## Recorded information
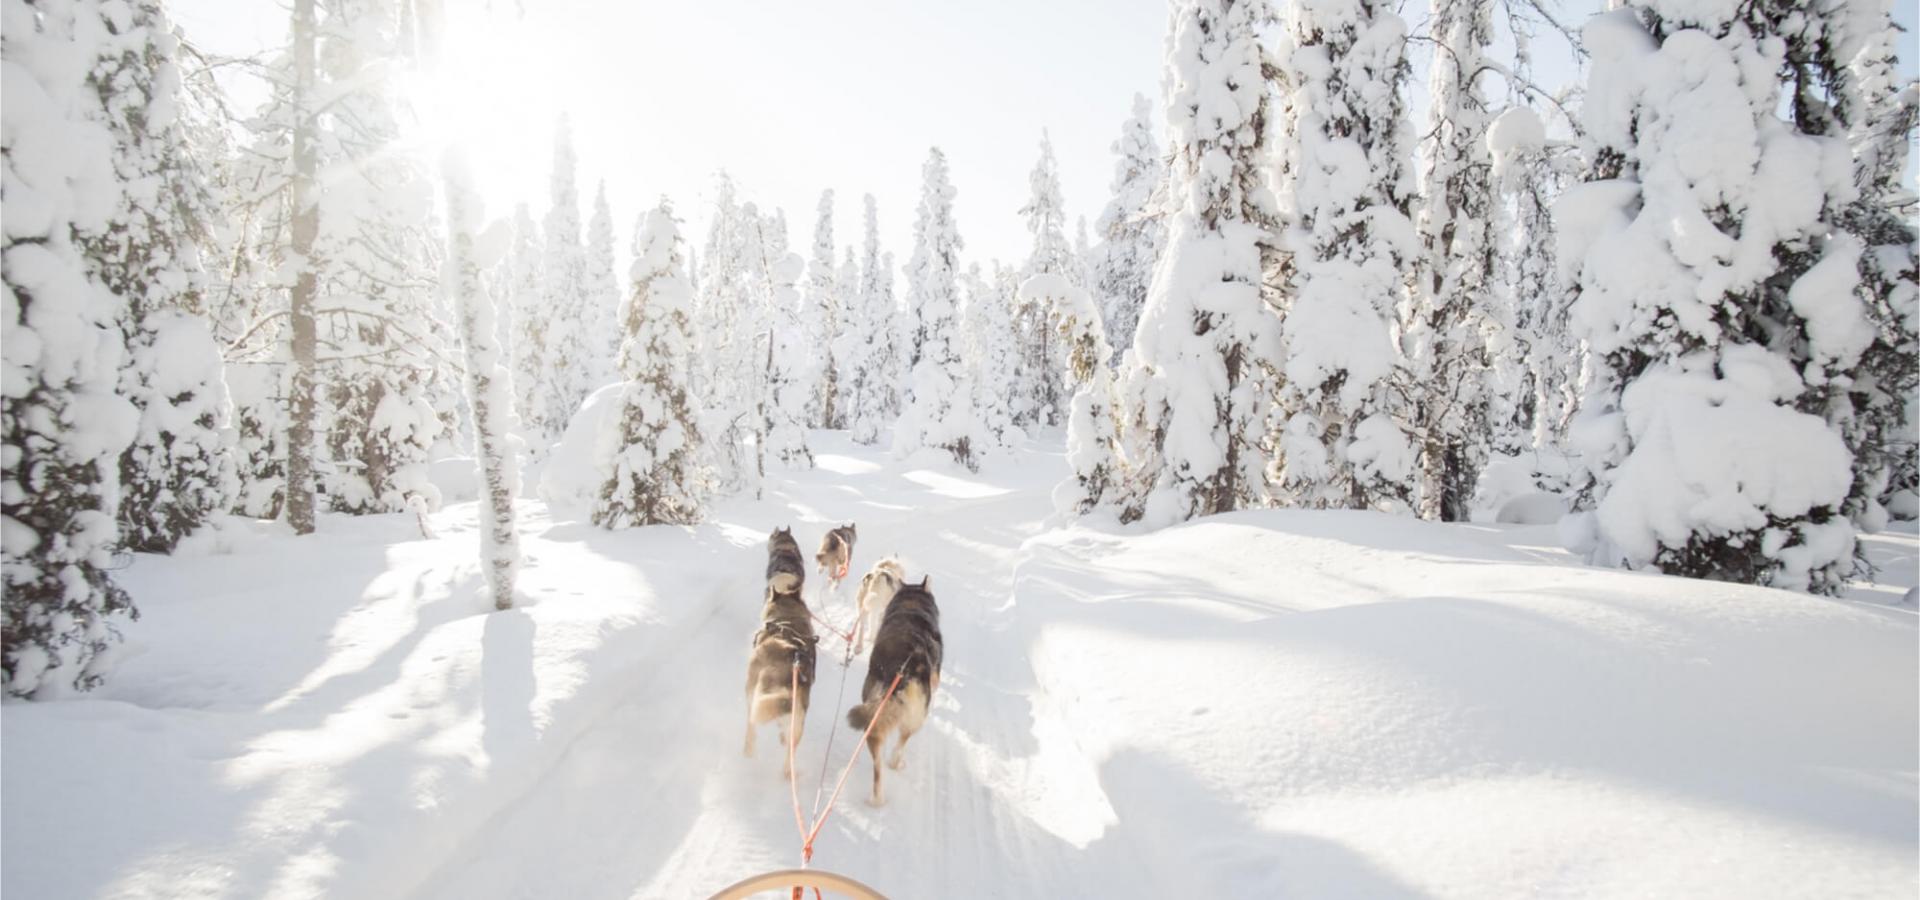 Bakom ett hundspann i djup snö i skogen - Foto Shutterstock / VisitTo
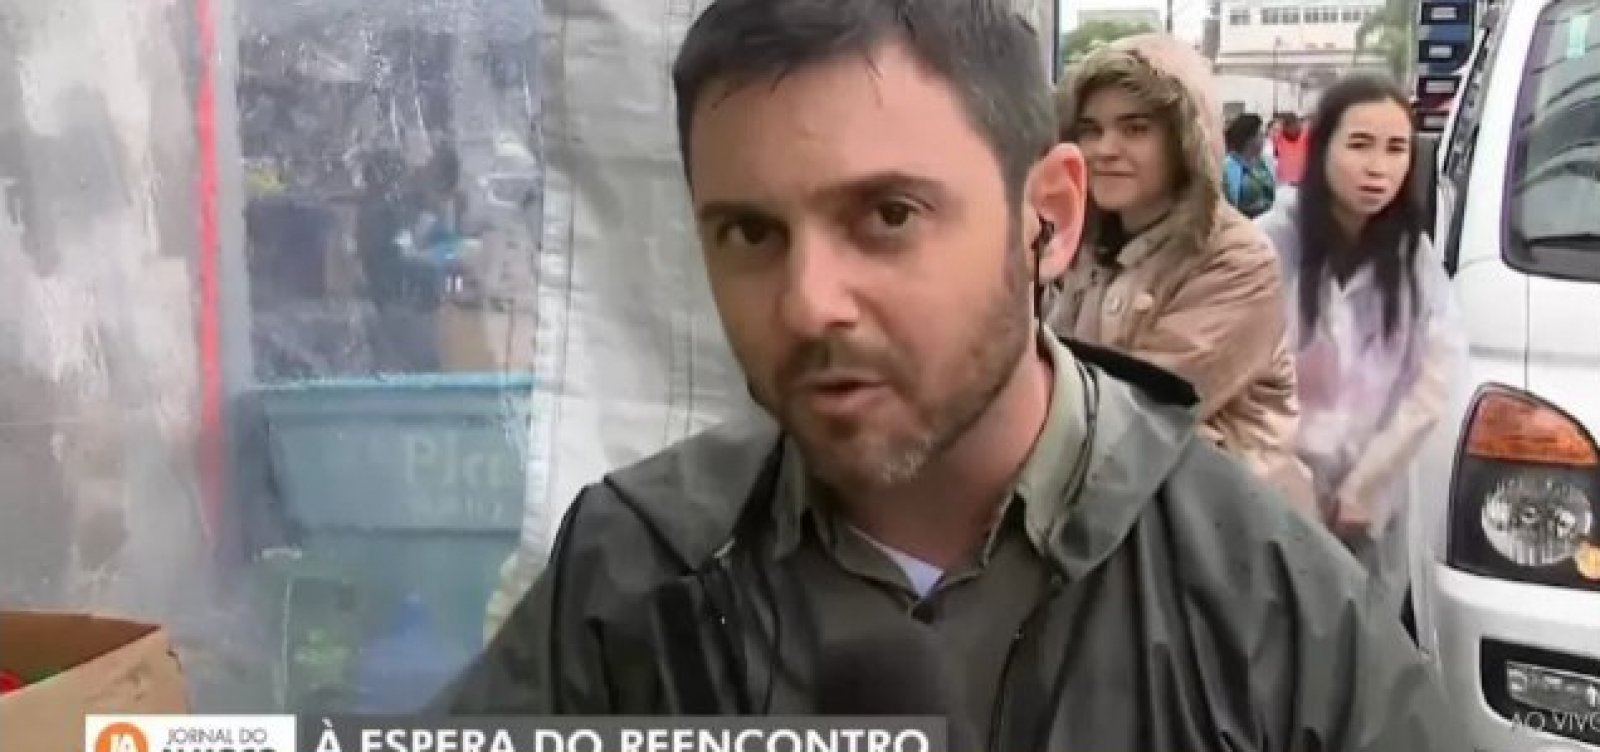 Reportagem ao vivo de afiliada da Globo no RS é interrompida aos gritos de "Globo lixo"
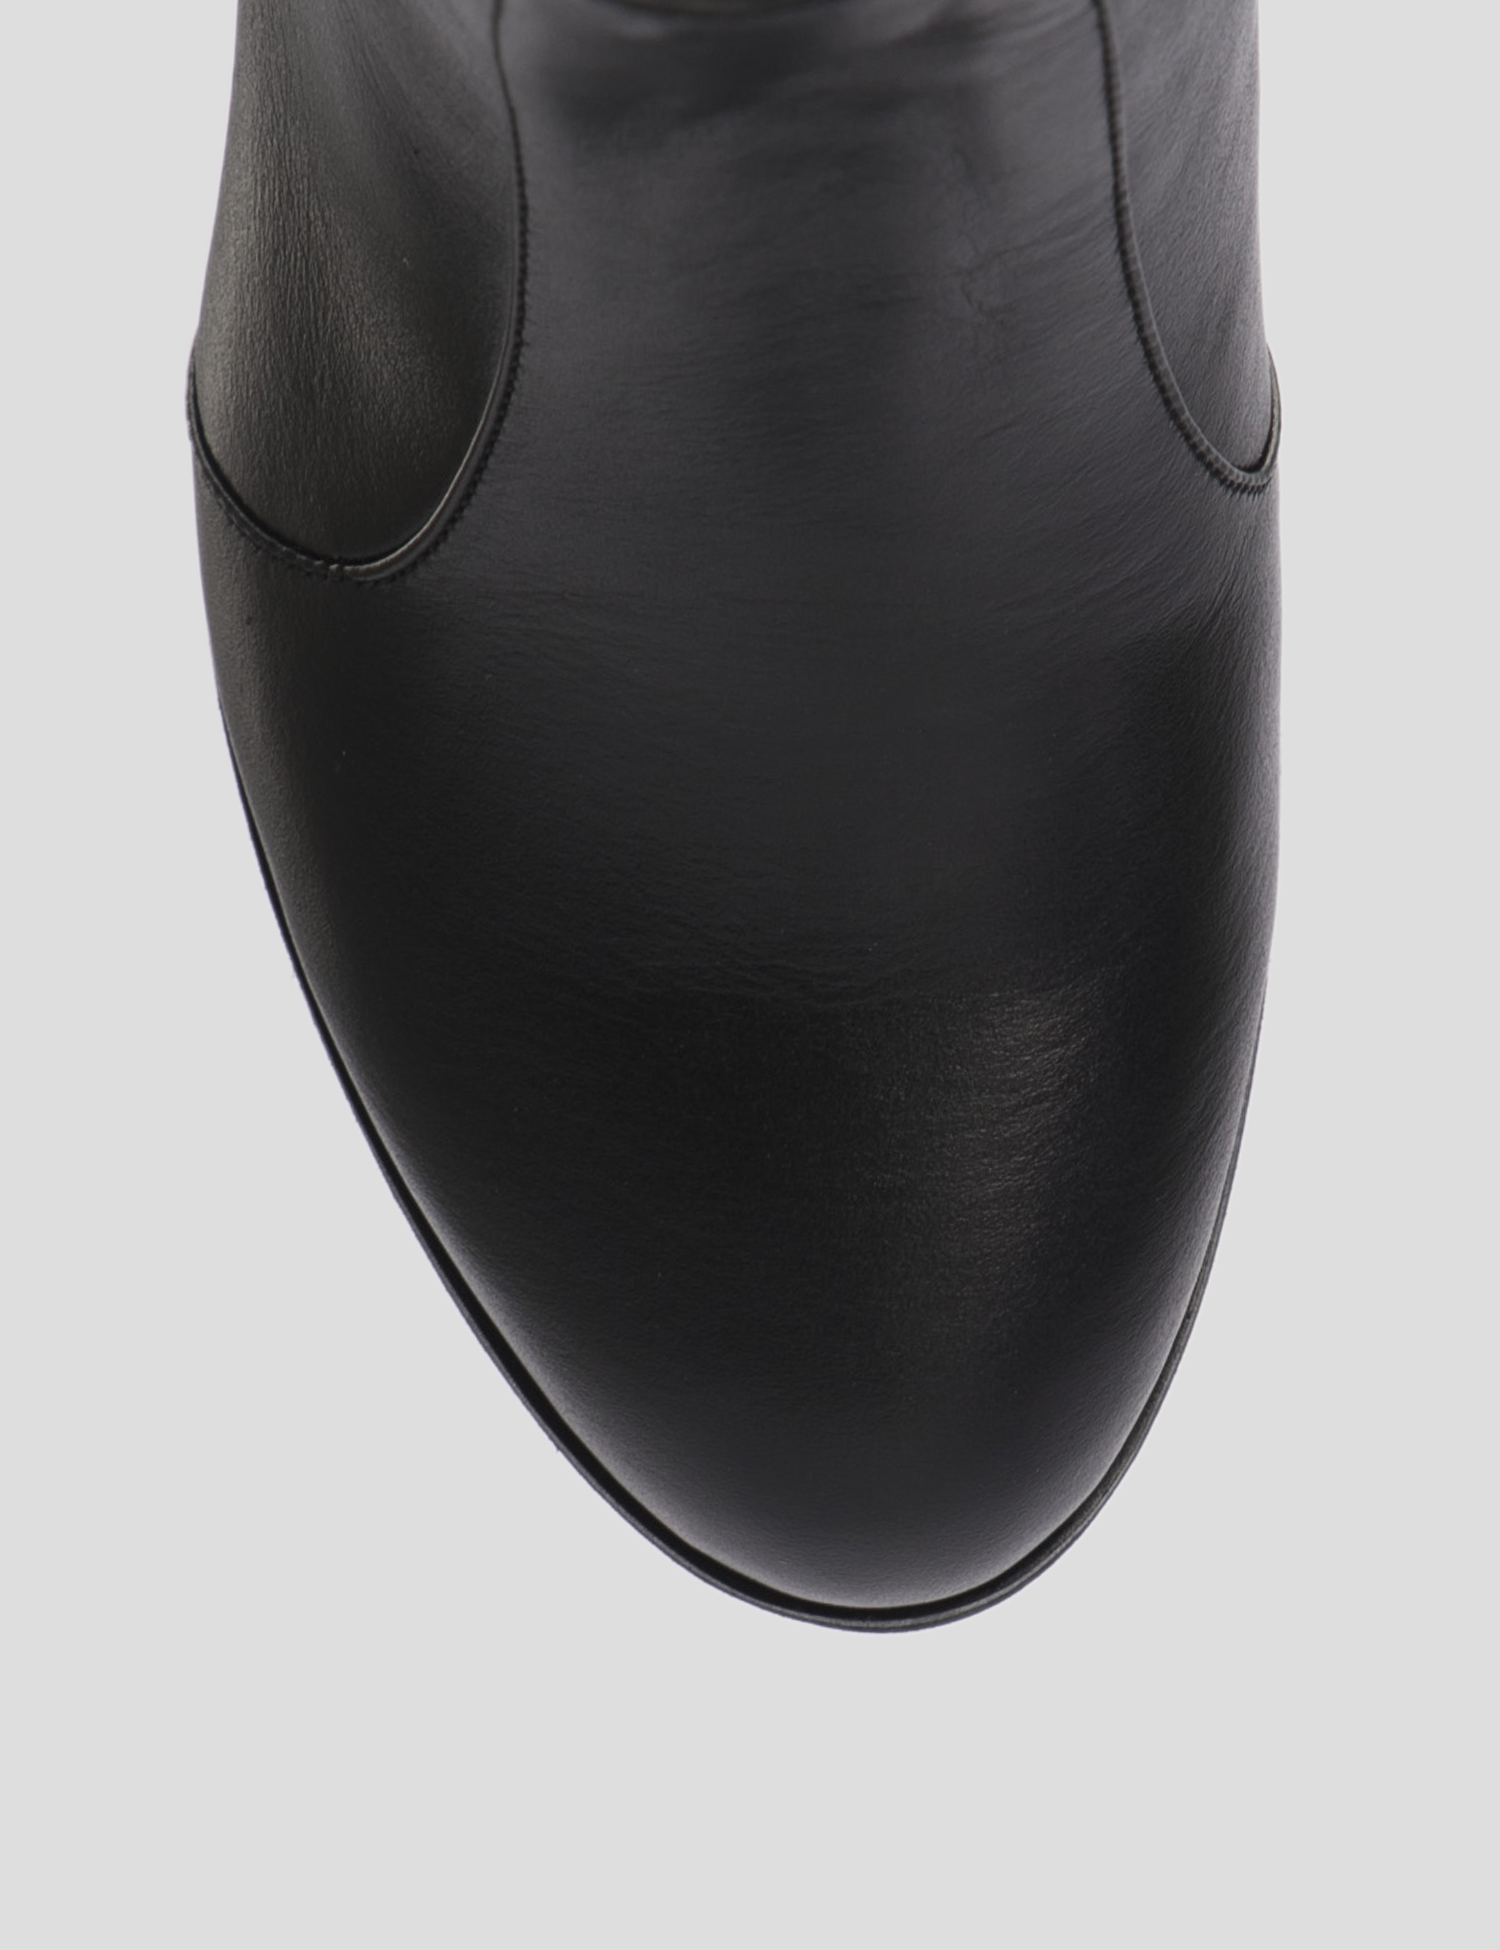 Картинка Жіночі чорно-білі шкіряні чоботи

## What to do
Please retype all of the material exactly, skipping whatever images it holds.

## Response for this exercise
 Bakom ett hundspann i djup snö i skogen - Foto Shutterstock / VisitTo
 Reportagem ao vivo de afiliada da Globo no RS é interrompida aos gritos de "Globo lixo"
 Картинка Жіночі чорно-білі шкіряні чоботи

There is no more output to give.